Published online by Cambridge University Press: 18 December 2024
Juicy – that was the title style profiler Ellie Uyttenbroek gave this photo of a young woman dressed in red. She added the subtitle In the Mood for Unplugged Exotic Neo Soul Singer-songwriters. The photo was originally taken in Paramaribo (Suriname), at some time between 1865 and 1880, and donated to the Wereldmuseum (‘World Museum’) in Rotterdam in 1910. A century later, the photo ended up with the Dutch national photography museum, Nederlands Fotomuseum, along with the Wereldmuseum's entire collection of photographs. In 2017, guest curator Uyttenbroek put together the first exhibition based on this collection, entitled Ethnomania. She was given carte blanche and chose style as the theme. She selected one hundred portraits taken as front views that she felt both accentuated the individual expressions of the subjects and highlighted various aspects of their clothing, posture and silhouette. She then edited the photos to make them more stylized, coloured them in, blew them up until they were five metres tall and gave them titles like Everybody is United by the 1980s Colors of Benetton, No Matter your Age, Race, Culture or Sex. Doing this let her distance the photos from their origins long ago in far-away Suriname and Indonesia, and placed them in modern-day Rotterdam. According to Uyttenbroek, they now typified the kaleidoscopic street and fashion scene in Rotterdam, an ‘ethnomaniac’ city where numerous cultures and subcultures live side by side without any real problems “not despite but thanks to the many ethnic and other differences”.

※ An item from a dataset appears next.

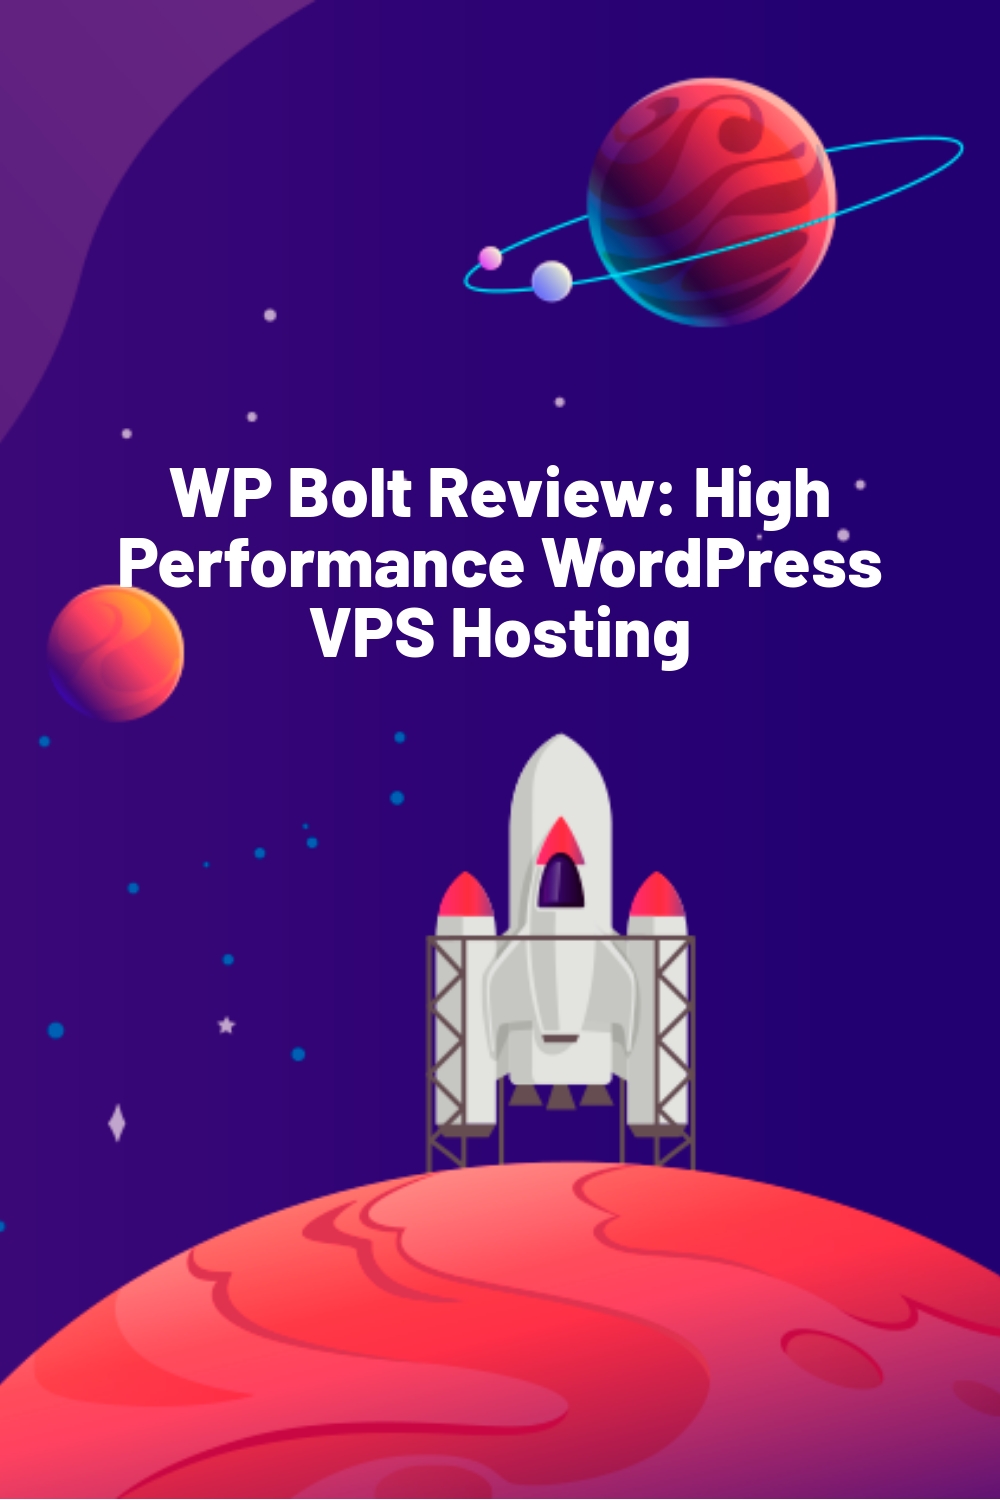 WP Bolt Review: High Performance WordPress VPS Hosting
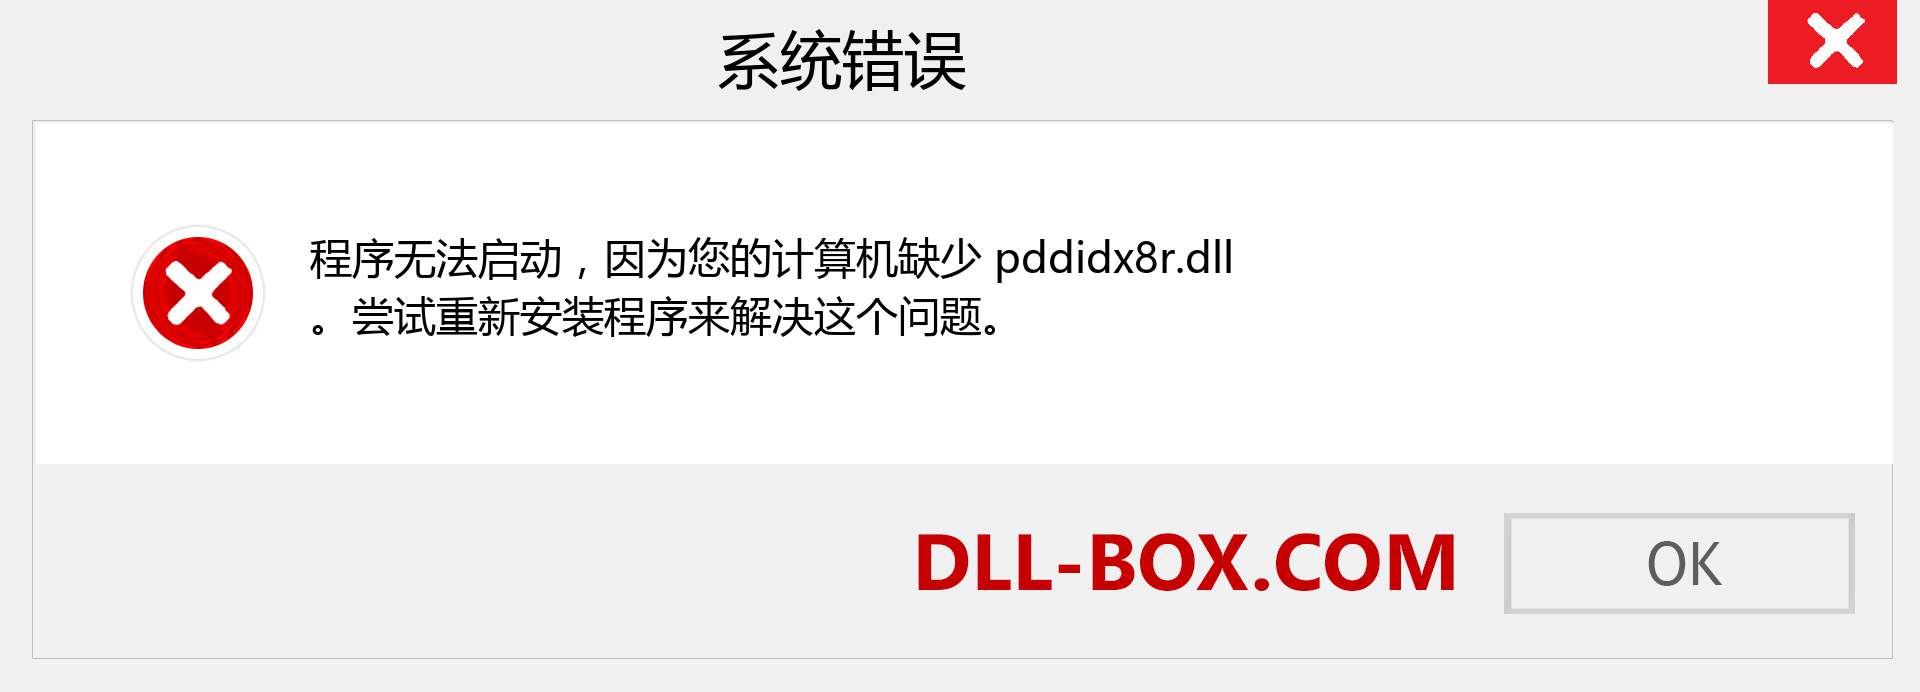 pddidx8r.dll 文件丢失？。 适用于 Windows 7、8、10 的下载 - 修复 Windows、照片、图像上的 pddidx8r dll 丢失错误

What a contrast with the perspective offered by the East Indies Dossier exhibition on the history of colonial Indonesia three years later in the Wereldmuseum, with guest curator Thom Hoffman. He too selected portraits from the Indonesia collection. But his selection focused on photos of the ‘social types’, for example, who populated the East Indies colony according to conventional European opinion in the late nineteenth and early twentieth centuries. In that period, such photos were taken in series and intended for sale as souvenirs. The photos depicted the colony as it was seen by Europeans: pictures of scenery, princes and their consorts, craftspeople and farming folk in a kind of timeless, unchanging ‘Orientalism’.